Fino a qualche tempo fa, la maggior parte degli scienziati riteneva che alle origini dell’aumento delle temperature medie terrestri potesse individuarsi un tasso di riscaldamento simile al PETM, causato da piccole ma incisive fluttuazioni dell’orbita terrestre, che avrebbero favorito la dissoluzione di alcuni composti del metano congelato negli oceani sotto forma di clatrati.

Questa ipotesi era contrastata da molti altri studiosi, che ritenevano la quantità di materia emessa insufficiente per produrre effetti così marcati.

In un precedente lavoro su creste di lava a forma di V vicine all’Islanda, Jones aveva dimostrato che pressioni localizzate del mantello caldo si verificano periodicamente nella zona del pennacchio islandese, con la conseguenza di spingere verso l’alto le placche tettoniche adiacenti.

Per Jones queste creste sono ‘la pistola fumante’, la prova tangibile della validità della dinamica dei magmi ascendenti in questi hot pots, o punti caldi.
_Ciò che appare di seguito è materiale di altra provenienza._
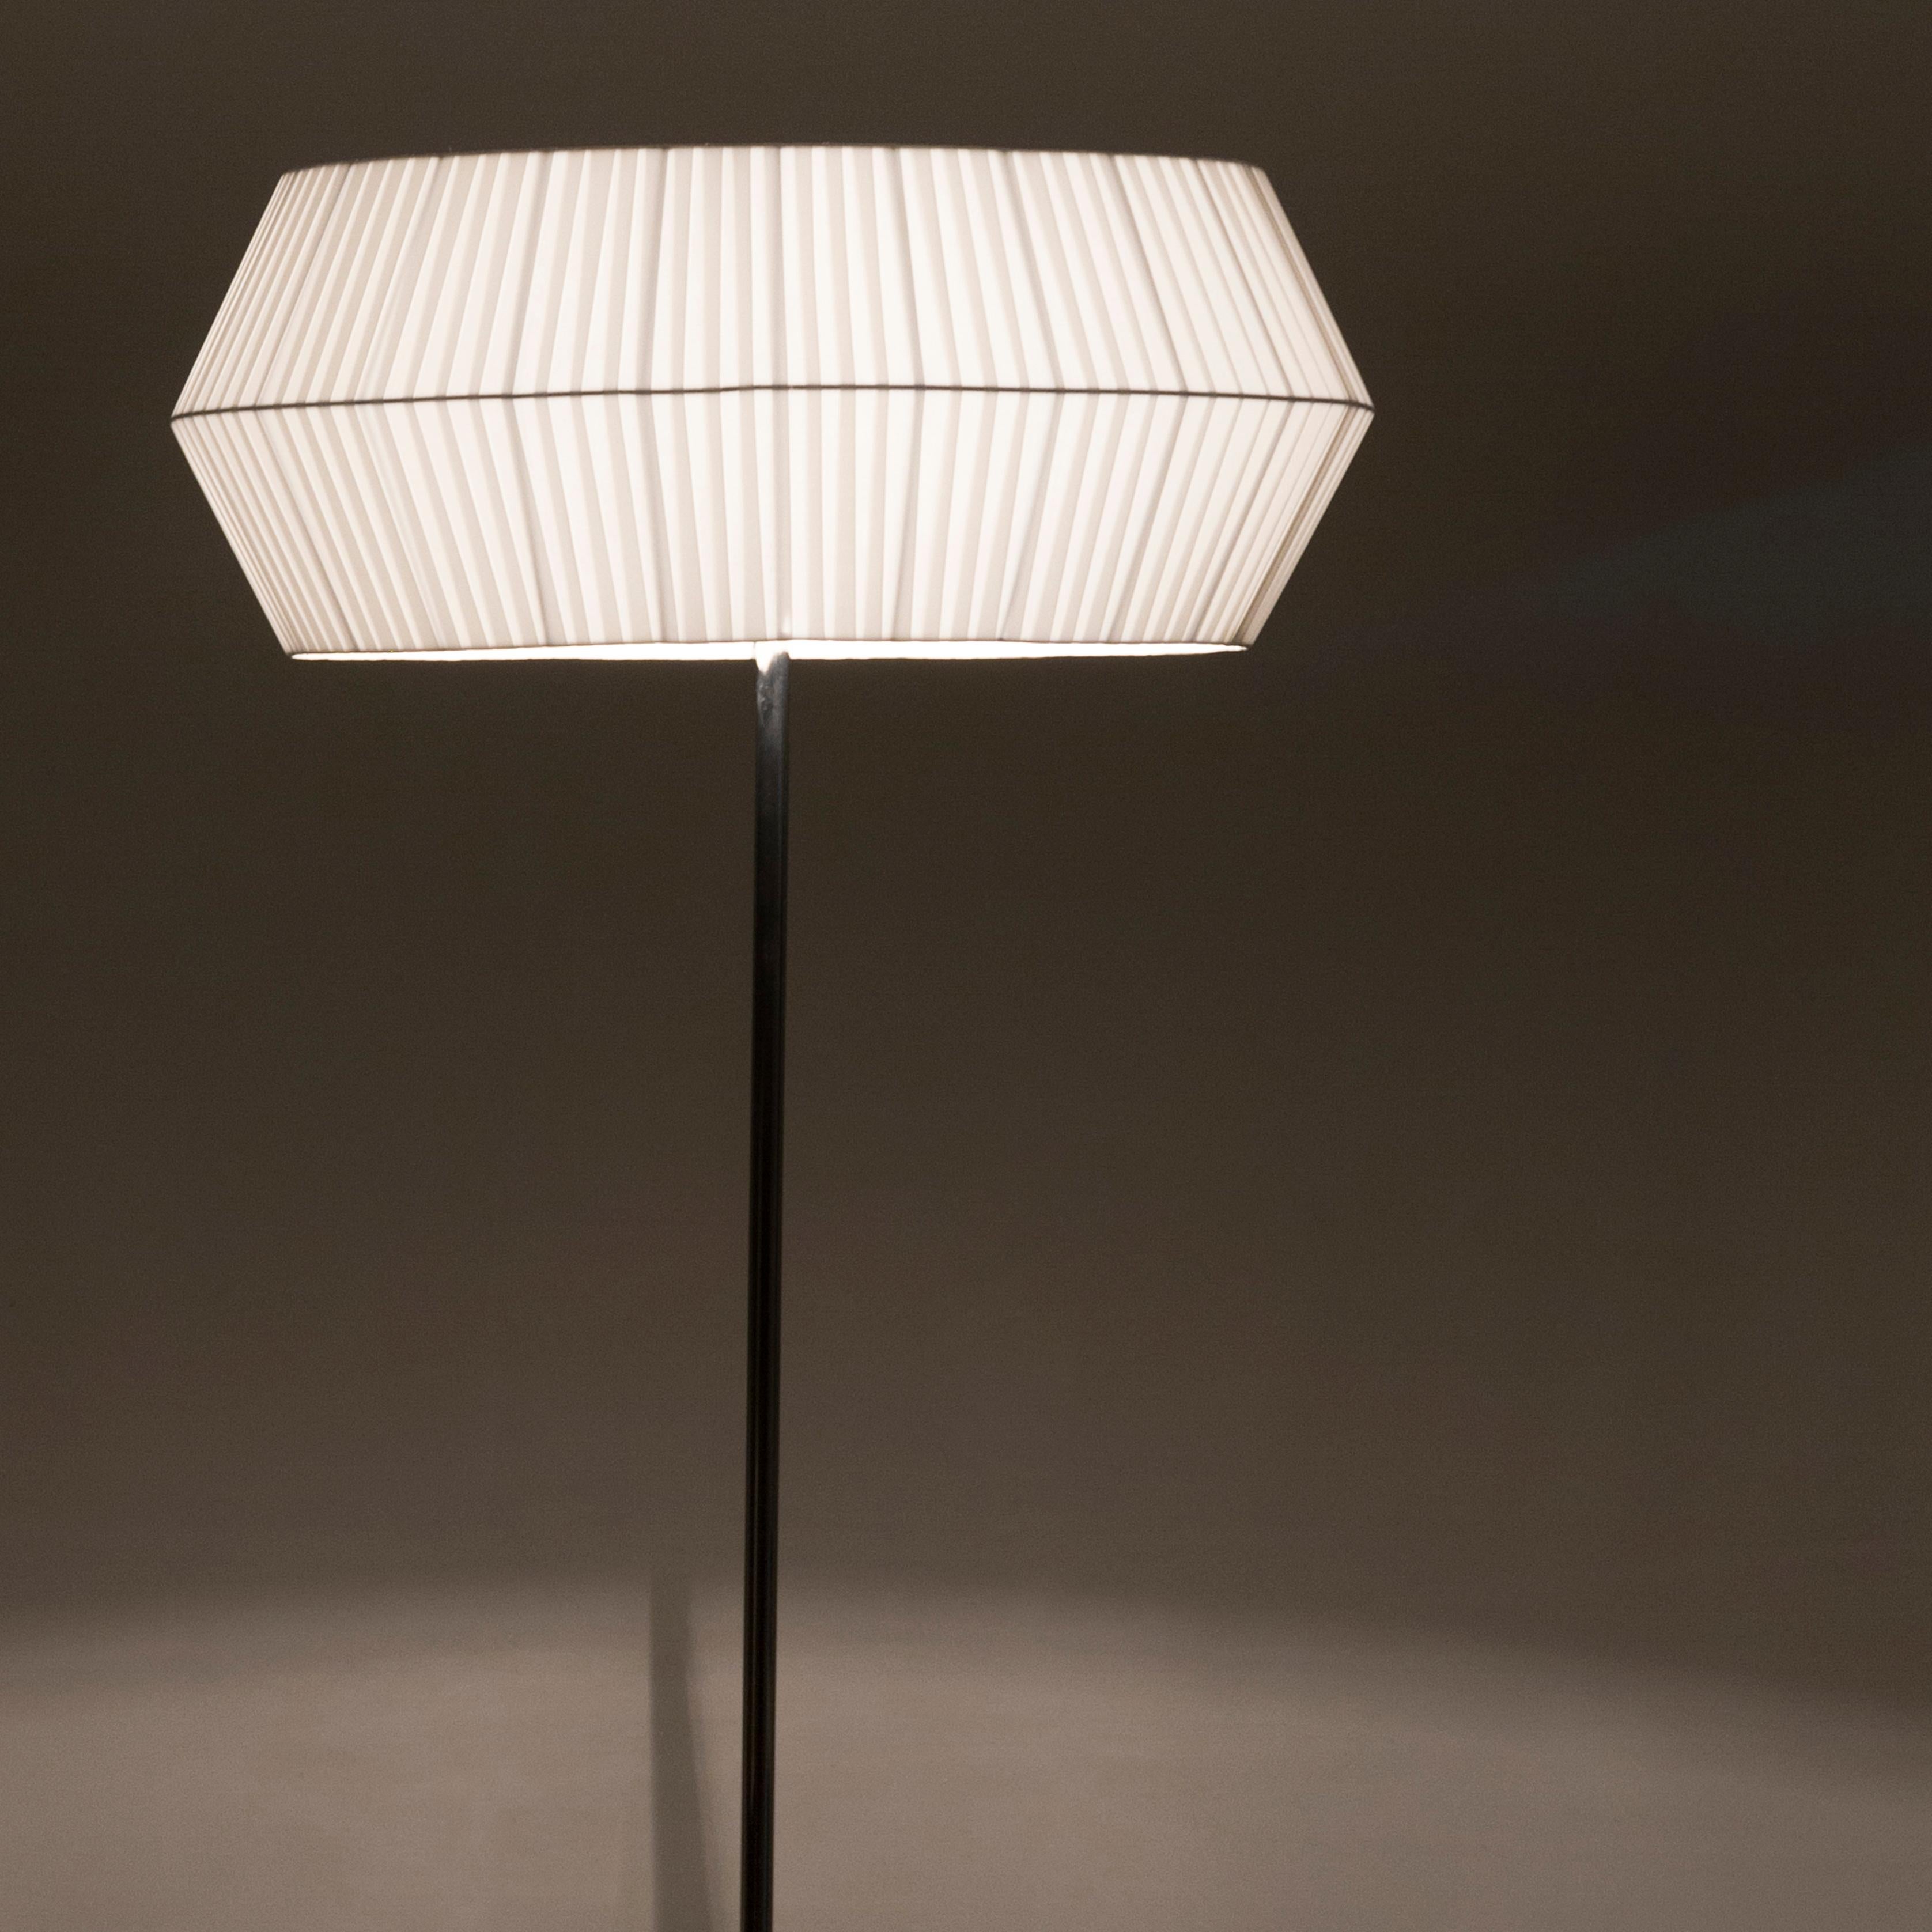 Lampadaire Sublime, Collection Contemporary, Fabriqué à la main au Portugal - Europe par Greenapple.

Le lampadaire moderne Sublime donne vie à la vision créative grâce à son design méticuleux, élevant l'atmosphère de la maison moderne. Les détails

L’unico problema è che le creste islandesi non risalgono al tempo del PETM, ma sono di recente formazione.

Altre considerazioni invece potevano scaturire dall’esame delle estese formazioni di arenarie vicine alla Scozia che, ampiamente studiate e scansionate, anche nel corso di campagne petrolifere, hanno consentito di poter essere considerate i resti erosi dell’antico ponte di roccia sollevatosi nell’Atlantico 56 milioni di anni fa, in concomitanza con il PETM.

Ma quanto materiale, allora, poteva provenire dal mantello?

Si poteva calcolarne la quantità abbastanza accuratamente, scansionando il fondo marino alla ricerca dei ‘sills’; misurazione che è stata effettuata dai geologi Murray Hoggett e Karina Fernandez, i quali, dopo decine di migliaia di scansioni sismiche, hanno dedotto una quantità di sills oscillante tra gli 11mila e i 18mila.

Ricorrendo all’ausilio dell’ industria petrolifera, si è così potuta calcolare la velocità di emissione dei gas dai fondali marini in relazione al volume di sills, giungendo a constatare che i risultati concordavano con il rilascio di carbonio calcolato dagli isotopi dei sedimenti.

Alla luce di queste osservazioni, Lee Kump, un geoscienziato della Pennsylvania State University, fino ad ora nettamente favorevole all’ipotesi dei ‘clatrati’, seguito da altri colleghi, ha cambiato il suo punto di vista, definendo le conclusioni del nuovo studio come ‘prove convincenti che la Provincia Ignea del Nord Atlantico è il fattore scatenante e principale meccanismo dell’emissione di carbonio durante il PETM’.

Dello stesso avviso è Appy Sluijs, dell’Università di Utrecht, che ha concordato: “Il vulcanismo avrebbe sicuramente potuto scatenare l’evento”; aggiungendo comunque che il rilascio di clatrati ne potrebbero aver sicuramente amplificato la portata.

Altri scienziati, tra cui Richard Zeebem, dell’Università della Hawaii, sono di parere avverso e non abbandonano del tutto l’ipotesi che le orbite terrestri, in particolari periodi della storia del pianeta, avrebbero prodotto ulteriore calore solare, portando verso picchi di riscaldamento più pronunciati.